→ **Required action**: Within the records that follow, find every line containing the string "Desktop". Copy those lines.

→ **Source information**:
<<<<
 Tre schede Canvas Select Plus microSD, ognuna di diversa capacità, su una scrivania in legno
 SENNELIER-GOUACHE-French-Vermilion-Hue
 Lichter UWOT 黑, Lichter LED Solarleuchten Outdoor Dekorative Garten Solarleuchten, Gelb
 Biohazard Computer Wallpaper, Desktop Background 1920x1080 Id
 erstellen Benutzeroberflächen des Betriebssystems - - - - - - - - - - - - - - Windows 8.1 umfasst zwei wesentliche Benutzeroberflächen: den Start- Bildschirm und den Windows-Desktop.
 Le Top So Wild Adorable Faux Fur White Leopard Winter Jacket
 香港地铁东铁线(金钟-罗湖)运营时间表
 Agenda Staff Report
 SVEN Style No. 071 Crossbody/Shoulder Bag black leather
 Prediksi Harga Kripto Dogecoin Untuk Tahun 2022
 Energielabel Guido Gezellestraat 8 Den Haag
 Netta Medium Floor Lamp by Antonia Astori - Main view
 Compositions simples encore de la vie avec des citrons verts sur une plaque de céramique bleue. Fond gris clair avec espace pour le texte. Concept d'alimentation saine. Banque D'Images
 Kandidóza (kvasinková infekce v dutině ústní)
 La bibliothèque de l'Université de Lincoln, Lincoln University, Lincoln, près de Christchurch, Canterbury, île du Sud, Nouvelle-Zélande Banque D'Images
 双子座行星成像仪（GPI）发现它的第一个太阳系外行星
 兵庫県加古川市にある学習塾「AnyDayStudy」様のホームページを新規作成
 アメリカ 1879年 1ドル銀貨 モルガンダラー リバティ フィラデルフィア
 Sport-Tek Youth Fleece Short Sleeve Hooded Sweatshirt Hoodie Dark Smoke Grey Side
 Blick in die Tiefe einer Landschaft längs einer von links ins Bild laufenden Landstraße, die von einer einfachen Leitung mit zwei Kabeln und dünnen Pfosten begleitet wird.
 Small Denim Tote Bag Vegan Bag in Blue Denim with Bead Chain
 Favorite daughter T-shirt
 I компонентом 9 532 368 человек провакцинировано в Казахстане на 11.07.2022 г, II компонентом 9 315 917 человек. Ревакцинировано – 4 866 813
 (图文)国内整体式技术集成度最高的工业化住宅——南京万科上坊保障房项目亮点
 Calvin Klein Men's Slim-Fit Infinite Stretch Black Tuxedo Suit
>>>>
→ **Task solution**:
 Biohazard Computer Wallpaper, Desktop Background 1920x1080 Id
 erstellen Benutzeroberflächen des Betriebssystems - - - - - - - - - - - - - - Windows 8.1 umfasst zwei wesentliche Benutzeroberflächen: den Start- Bildschirm und den Windows-Desktop.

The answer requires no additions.